History of Data Scientists
In 2001, a computer scientist, William S. Cleveland, wrote an article ‘Data Science: An Action Plan for Expanding the Technical Area of Statistics’. This article introduced data science as a discipline of applied statisticians. That was only 20 years ago, and the technology and business world has moved quickly since then.
Because this is a relatively new career path, current data scientists come from a range of backgrounds and specialities. Many start their careers as statisticians, mathematicians, or data analysts. But as access to computers, artificial intelligence (AI) and data learning tools have become common, the role has evolved. A data scientist is no longer confined to the IT department; they have become an integral part of the overall business. Because of its expansion and pivotal influence on the business, the role of the data scientist requires a person with logical, innovative thinking to be able to translate data insights into business strategy.
What Qualifications Does a Data Scientist Need?
In the last ten years, higher learning institutions have developed specific courses for data scientists. Those wishing to work in the industry can get a Bachelor’s or Master’s in Data Science from a large number of universities.
The courses that data scientists take typically cover statistical modelling, data management, data visualization, machine learning, software engineering, data ethics, research design, and user experience. They may learn SQL, Python, Perl, and a range of other programming languages such as R. They will become familiar with Hadoop, Pig, Spark, Hive, and MapReduce.
However, with more open-source software becoming available and more commercialized data science tools, what people learn today might soon become obsolete. Therefore, data scientists need to be agile and continue to learn new skills and techniques within the industry.
Data Scientists Need More than Just a Degree
An excellent data scientist should be curious, always seeking new information and new ways of thinking about business challenges. A strong sense of intuition and the habit of needing proof are also excellent traits for a data scientist to have. They need to be creative enough to find answers where there were none, continuously looking for insights and outcomes.
Data scientists also need a deep sense of domain business knowledge. Knowing data and programming is one thing, having the insight to create business strategy from these insights is another. They should be able to see risks and opportunities to the business, and be able to use data to provide strategies for business growth. It is one thing to know people buy more in a certain type of weather, but how can a business take advantage of this type of information? The role of the data scientist is to figure out and answer questions like this—that continuously push the business to new heights.
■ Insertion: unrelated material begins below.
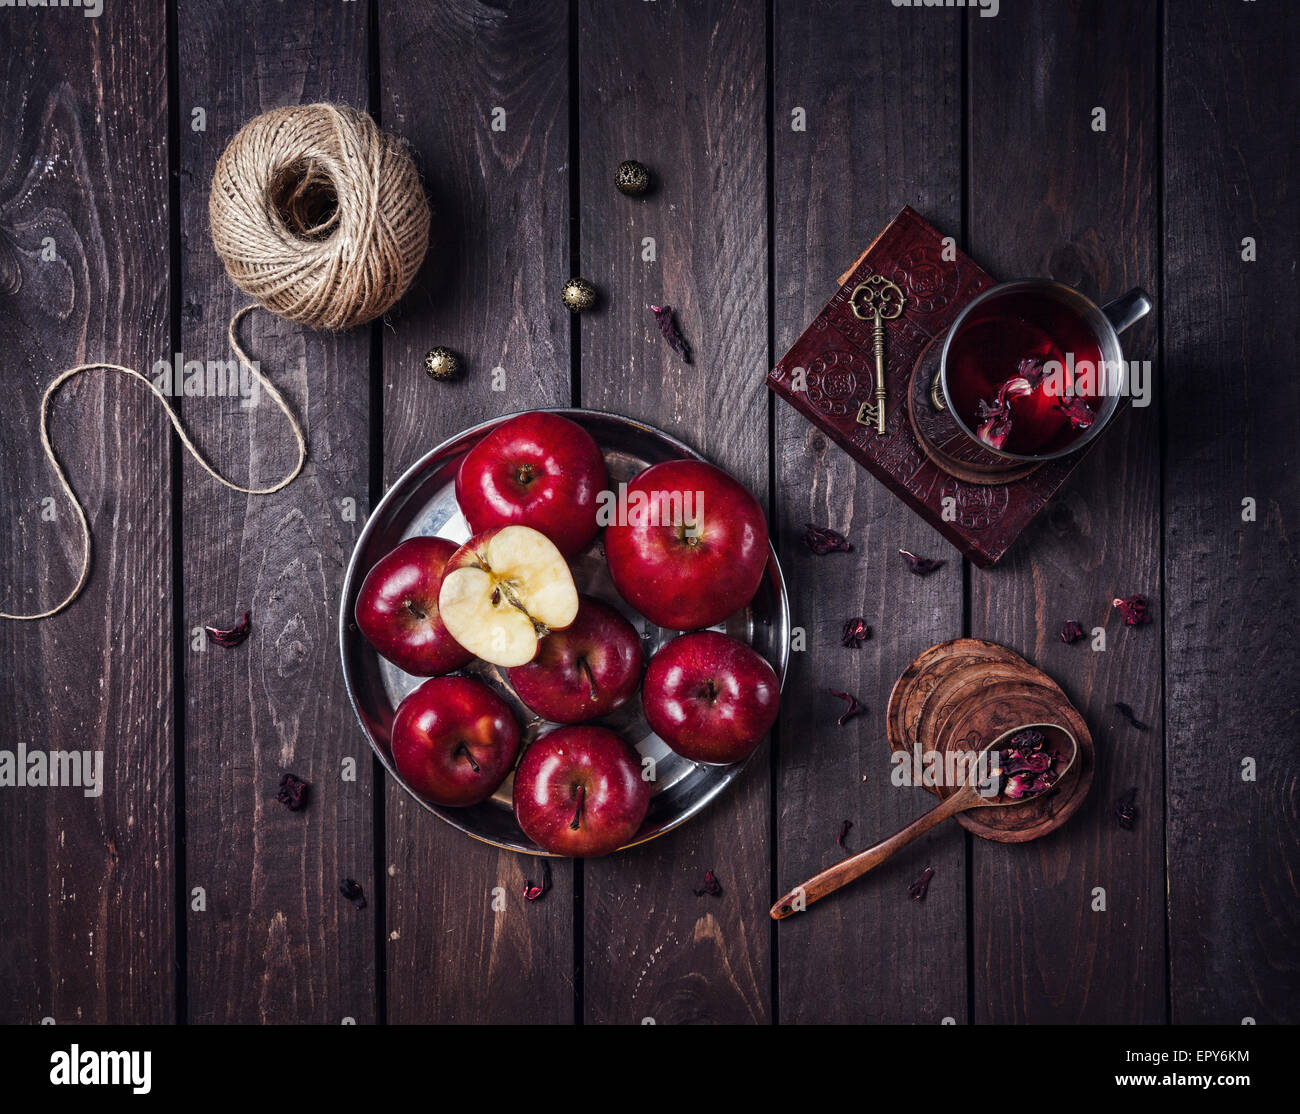 Le mele rosse sulla piastra e la tazza con il tè di ibisco sul vecchio libro al buio sullo sfondo di legno Foto Stock

A great data scientist also needs excellent communication skills. To be able to report back to stakeholders and managers and clearly explain the results of the analyses. To be able to explain where the data was incomplete, and what is needed to resolve it. To convince and persuade on the best course of action based on those results. New programs and techniques will change, but being able to think critically and having good quantitative, domain-specific skills will always be in demand.
What Does a Data Scientist Do?
A data scientist takes data, develops hypotheses and inferences, and then uses machine learning to detect patterns, relationships, and trends within that data. On any given day, they may be:
- Analyzing data sets
- Cleaning data
- Building dashboards and reports
- Visualising data
- Making statistical inferences
- Developing statistical learning models
- Creating complex predictive models
- Using statistical tools
- Communicating results of analysis to stakeholders
- Convincing decision makers
Large retail companies can produce up to 40 petabytes of data each day. Their data scientists use that data to predict a range of outcomes, including when and where people buy certain items. This allows them to plan events and sales for maximum sales, pricing things so they still make maximum profit, but also moving the biggest amount of stock.
Data scientists typically work in teams to mine big data for relevant information. They also can advise management on what type of data should be collected, how it should be analysed, and the outcomes of that interpretation. A 2017 study showed that 80 percent of a data scientist’s time is spent on data management. Finding it, cleaning and organizing it. This leaves only 20 percent of their working time to actually performing analysis. However, even this is changing, with the advent of automated machine learning and deep learning, data scientists are finding they have more time for analysis as these tools have become more automated and taken over much of the data cleansing and organization, leaving data scientists more time for analysis.
Why is the Role of Data Scientists So Important?
For a business, a data scientist is invaluable. They take millions, even billions of data points and turn that into crucial information to make predictions about an organization that might either save or grow a business. Some examples of data scientists by industry include:
Data scientists are a crucial part of marketing. For instance, a data scientist can produce a set of triggers that alert the business that their customers are at high risk of churn. . In marketing, it is well known that the cost of finding a new customer hugely outweighs the cost of retaining an existing one. The triggers set up by the data scientist allow a company to step in and make changes or speak to the customer to retain them.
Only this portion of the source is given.